The second: work that a skilled professional could deliver remotely, from anywhere.
Most SME owners find the second list longer than they assumed.
Bookkeeping support, diary management, CRM administration, invoice processing, and customer correspondence all sit in that second group.
Knowing what it would cost to deliver those functions through a remote model gives you a real alternative to compare against your current setup. That comparison is worth having before April, not after.
Take these three steps before 6 April
- Calculate the exact impact on your April payroll using the confirmed GOV.UK rates. Put a real number on it before the new financial year begins.

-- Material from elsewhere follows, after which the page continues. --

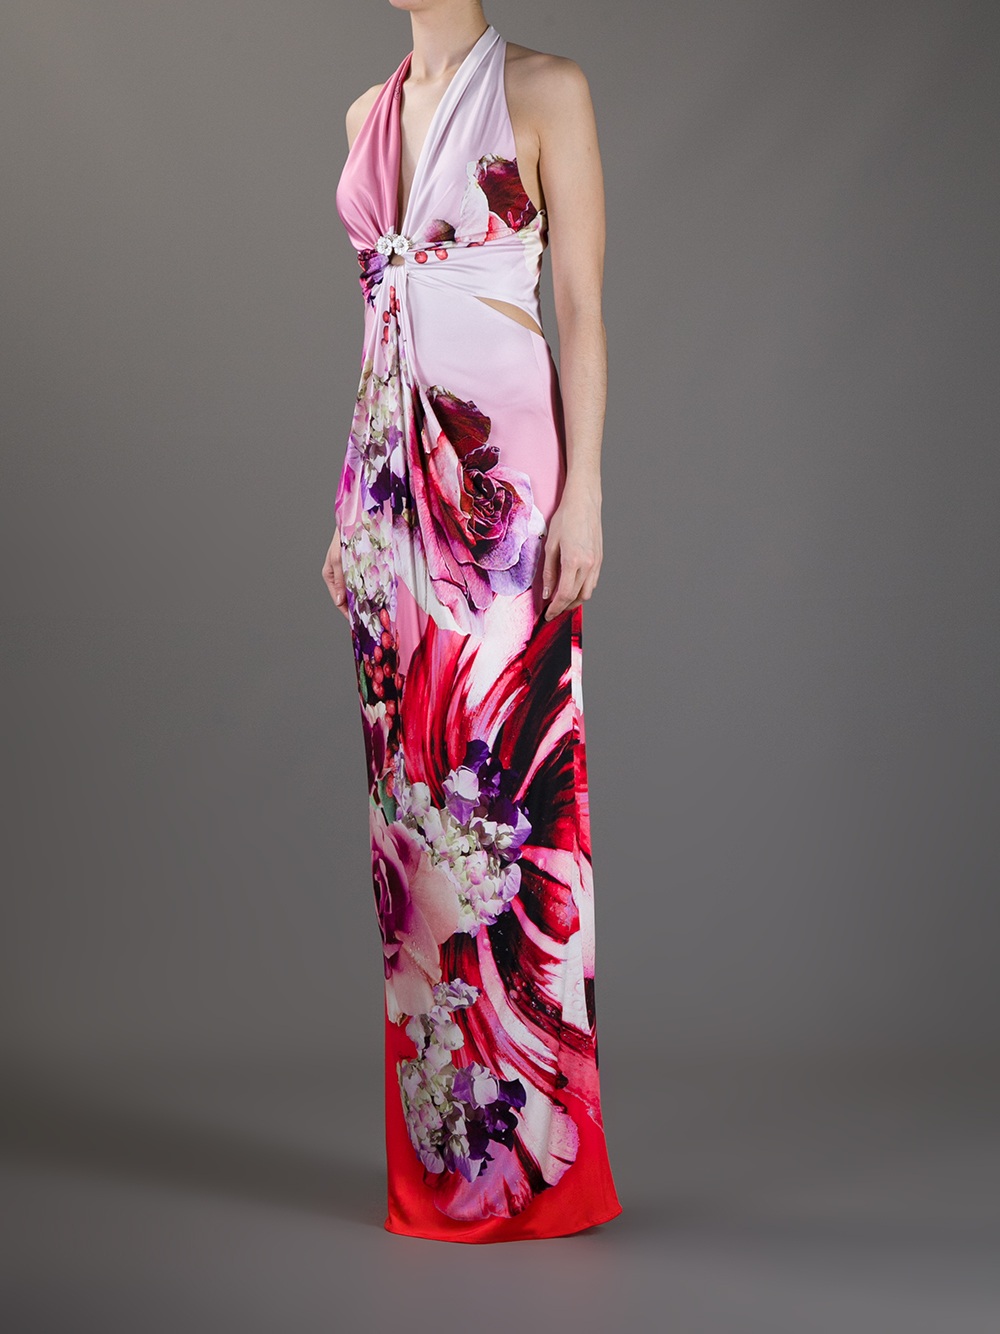 Lyst - Roberto Cavalli Printed Halterneck Dress in Pink

- Audit which roles in your business require UK presence and which can be delivered remotely. That is where your cost flexibility sits.
- Model at least one alternative cost structure. A business with a genuine alternative is always in a stronger position than one with only one option.

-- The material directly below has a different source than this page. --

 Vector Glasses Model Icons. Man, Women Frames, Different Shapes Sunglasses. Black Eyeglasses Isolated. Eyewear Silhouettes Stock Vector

The businesses that look back on spring 2026 as a turning point will be the ones that planned in March, reviewed in April, and acted with confidence.
Start with the numbers today.
At Agility Outsourcing, we help UK SMEs build skilled offshore teams from the Philippines, starting from as little as two hours per day.
If you want to understand what an alternative cost structure could look like for your business, our UK-based account managers will walk you through a free, no-obligation cost comparison.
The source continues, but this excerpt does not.